Harold looked around at the silent ring of faces, drained of pity, brimming with punishment. He sighed, realizing what he was in for.

“All right,” he said, and opened the door, holding it while all the boys filed out.

The walk to the vacant lot in the next block was performed in silence, broken only by the purposeful tramp of Charley Lynch’s seconds.

“Take off your glasses,” Charley said when they reached the exact center of the lot.

Harold took off his glasses, looked hesitantly for a place to put them.

“I’ll hold them,” Sam Rosenberg, Charley’s lieutenant, said politely.

“Thanks,” Harold said, giving him the glasses. He turned and faced Charley, blinking slowly. He put up his hands. “O.K.” he said.

Charley stood there, breathing deeply, his enemy, blinking, thin-armed, pale, twenty pounds lighter than Charley, before him. A deep wave of exultation rolled through Charley’s blood. He put up his hands carefully, stepped in and hit Harold square on the eye with his right hand.

The fight did not take long, although it took longer than Charley had expected. Harold kept punching, advancing into the deadly fire of Charley’s fists, the most potent and sharp and brutal in the whole school. Harold’s face smeared immediately with blood, and his eye closed, and his shirt tore and the blood soaked in down his clothes. Charley walked in flat-footed, not seeking to dodge or block Harold’s weak punches. Charley felt his knuckles smashing against skin and bone and eye, and running with blood, half-delirious with pleasure, as Harold reeled and fell into the cruel, unpitying fists. Even the knuckles on his hands, and the tendons in Charley’s fists, carrying the shock of the battle up to his shoulders, seemed to enjoy the pitiless administration of punishment.

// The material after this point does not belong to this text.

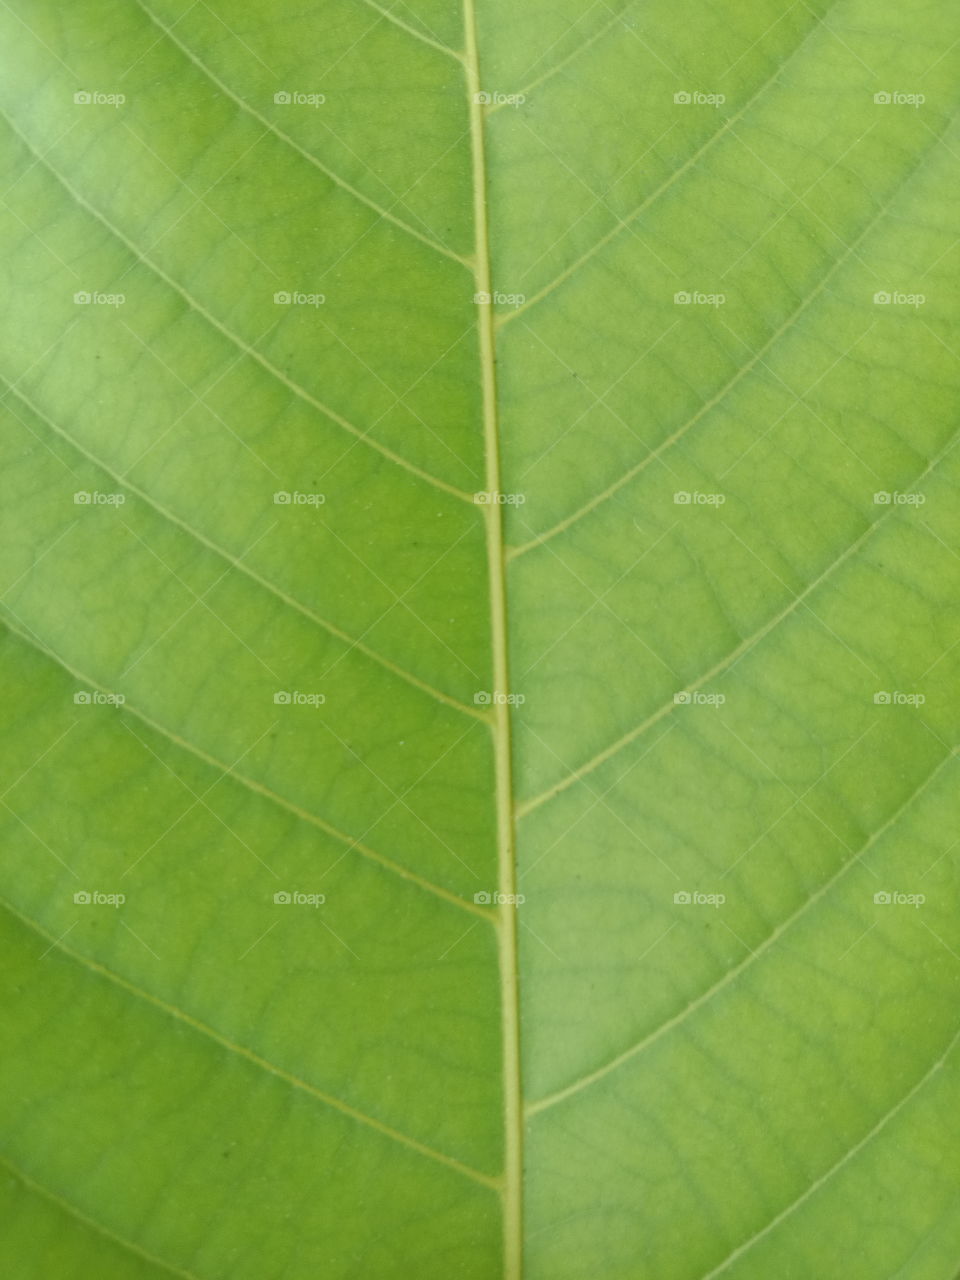 green leaf texture (teksture daun hijau)

From time to time Harold grunted, when Charley took time off from hitting him in the head to hit him, hooking upward from his ankles, in the belly. Except for that, the battle was conducted in complete quiet. The eight friends of Charley watched soberly, professionally, making no comment, finally watching Harold sink to the ground, not unconscious, but too exhausted to move a finger, and lie, spread out, his bloody face pressed harshly, but gratefully, into the dust and rubble of the vacant lot.

Charley stood over the fallen enemy, breathing heavily, his fists tingling joyfully, happy to see the weak, hated, frail figure face down and helpless on the ground, sorry that the pleasure of beating that figure was over. He watched in silence for a minute until Harold moved.

“All right,” Harold said, his face still in the dirt. “That’s enough.” He lifted his head, slowly sat up, then, with a trembling hand, pulled himself to his feet. He wavered, his arms out from his sides and shaking uncontrollably, but he held his feet. “May I have my glasses?” he asked.

Silently, Sam Rosenberg, Charley’s lieutenant, gave Harold his glasses. Harold fumblingly, with shaking hands, put them on. Charley watched him, the incongruously undamaged glasses on the damaged face. Suddenly Charley realized that he was crying. He, Charley Lynch, victor in fifty more desperate battles, who had shed no tear since the time he was spanked at the age of four, was weeping uncontrollably, his body shaken with sobs, his eyes hot and smarting. As he wept, he realized that he had been sobbing all through the fight, from the first right-hand to the eye until the final sinking, face-first, of the enemy into the dirt. Charley looked at Harold, eye closed, nose swollen and to one side, hair sweated and muddy, mouth all gore and mud, but the face, the spirit behind it, calm, unmoved. Harold wasn’t crying then, Charley knew, as he sobbed bitterly, and he wouldn’t cry later, and nothing he, Charley Lynch, could ever do would make him cry.